--- COLLECTED MATERIAL ---

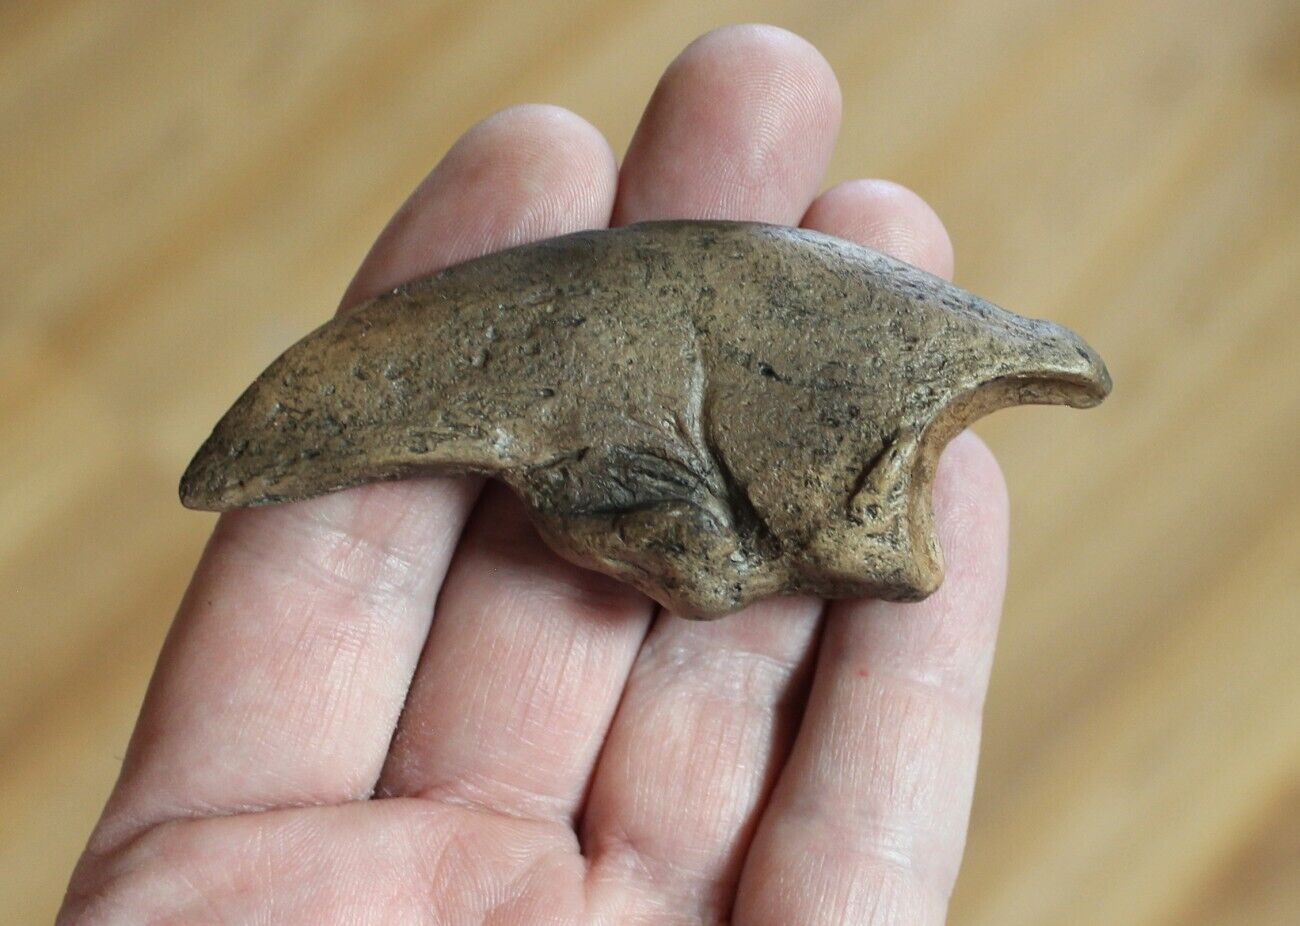 Replica Fossil Giant Sloth claw Megalonyx leptostomus Early Pleistocene
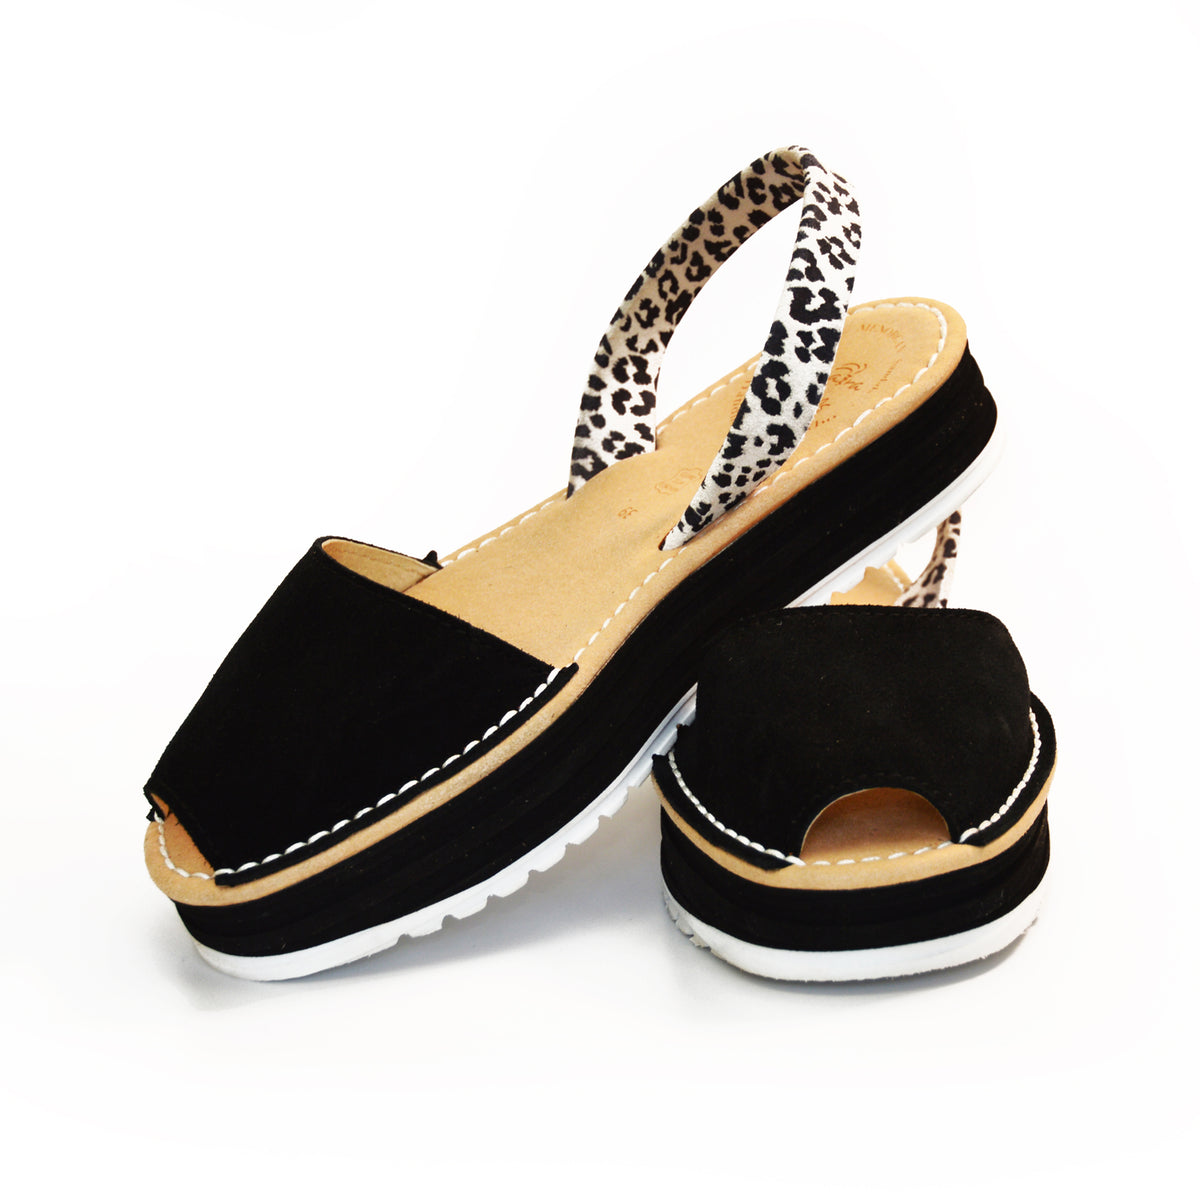 black and white sporty lowforms spanish avarcas sandals
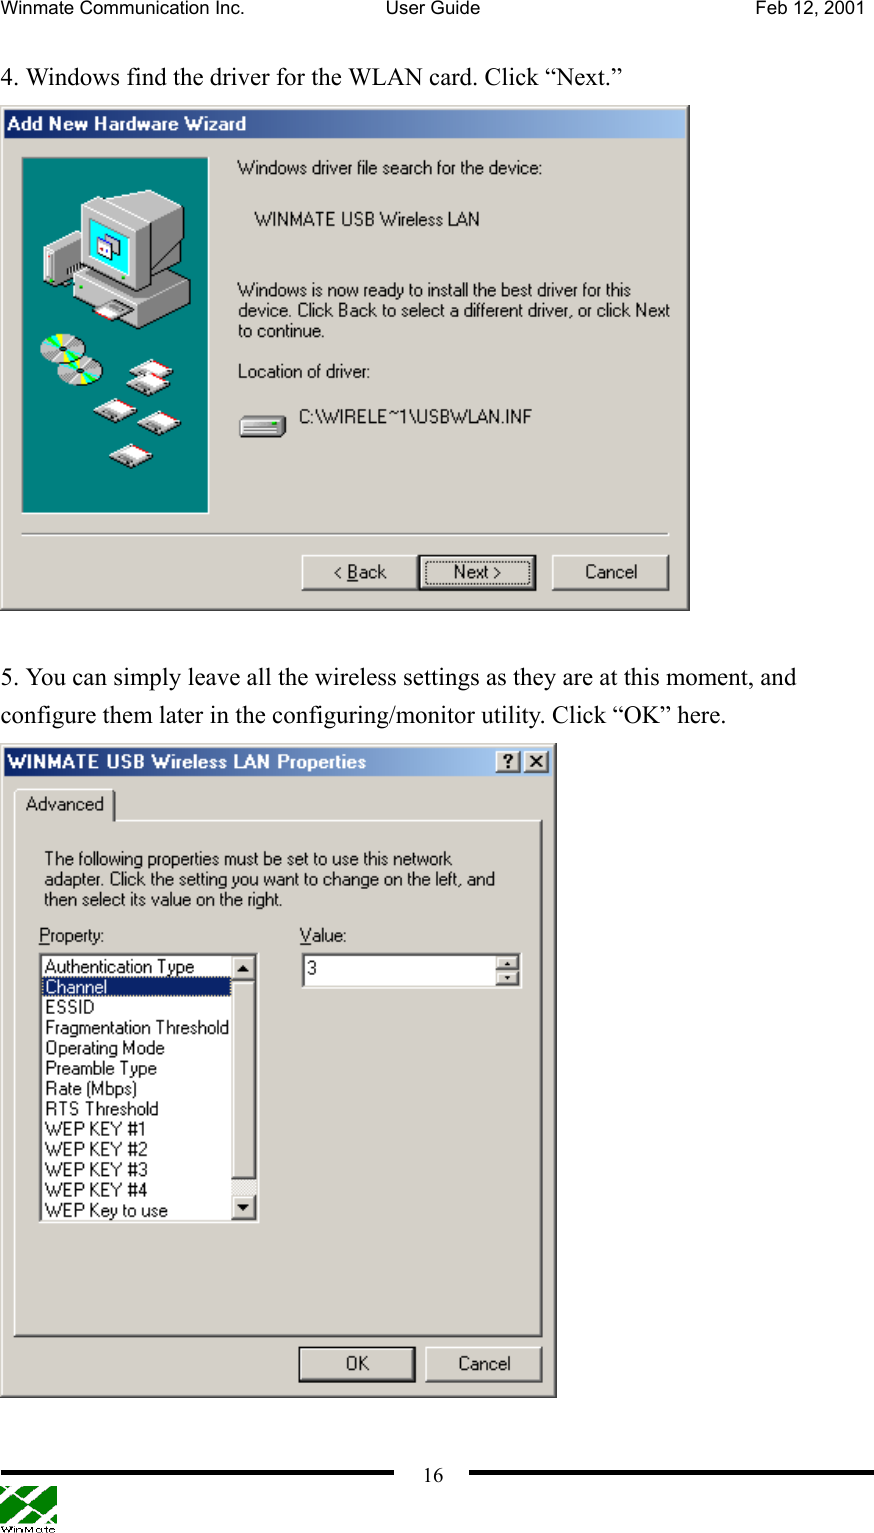 Winmate Communication Inc.  User Guide  Feb 12, 2001    164. Windows find the driver for the WLAN card. Click “Next.”   5. You can simply leave all the wireless settings as they are at this moment, and configure them later in the configuring/monitor utility. Click “OK” here.  
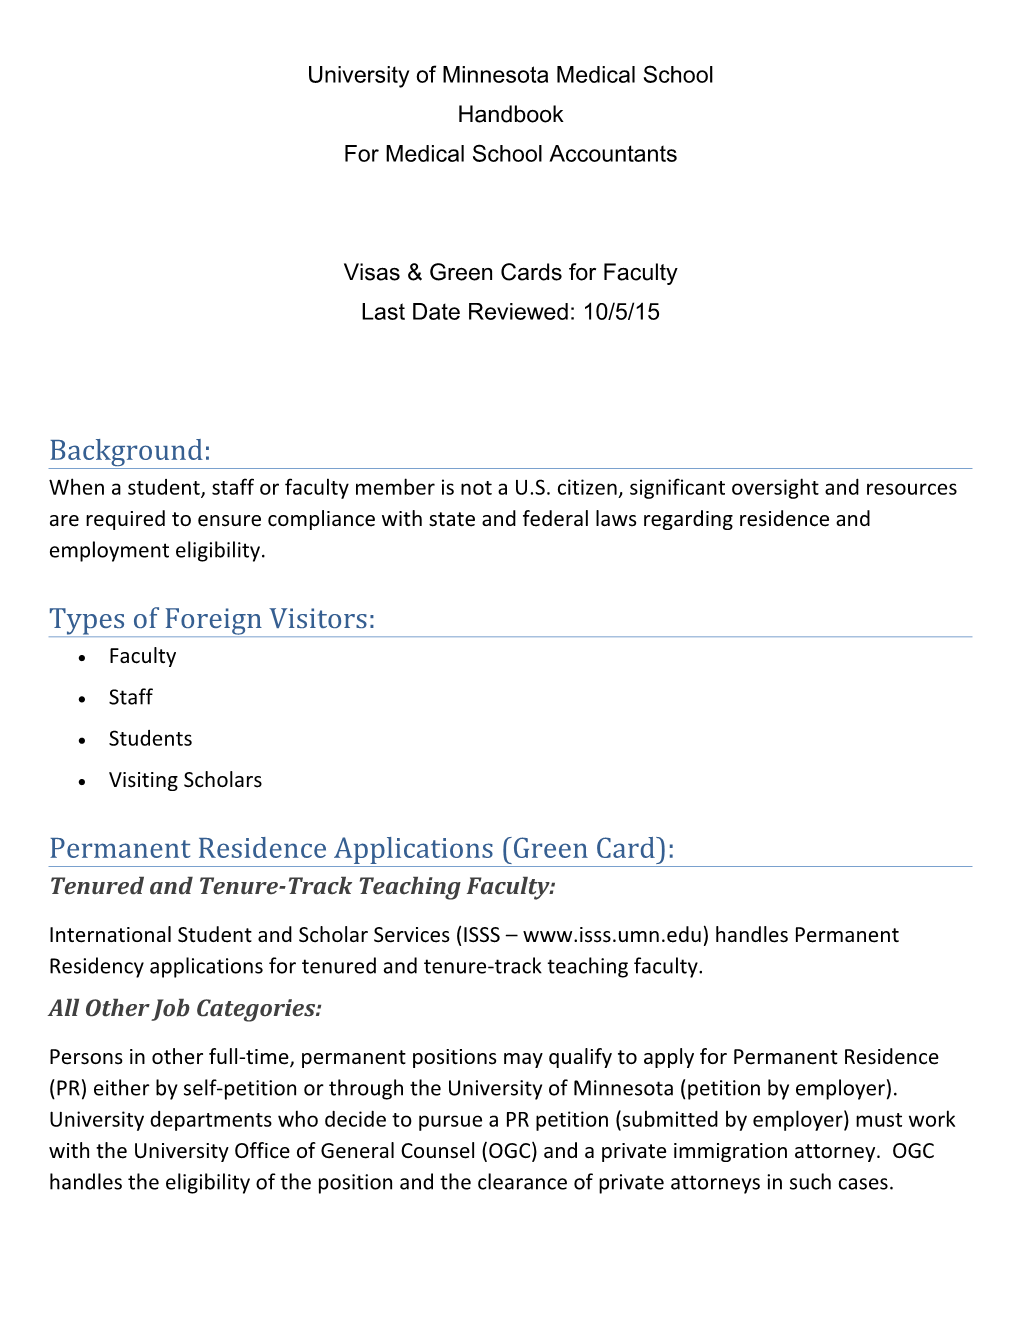 Permanent Residence Applications (Green Card)

---

EXERCISE DETAILS:
Only the lines from the one containing "Winmate Communication Inc." to the end of the listing belong in the answer, exactly as they stand and with no pictures.

ANSWER:
 Winmate Communication Inc.  User Guide  Feb 12, 2001    164. Windows find the driver for the WLAN card. Click “Next.”   5. You can simply leave all the wireless settings as they are at this moment, and configure them later in the configuring/monitor utility. Click “OK” here.  
 Permanent Residence Applications (Green Card)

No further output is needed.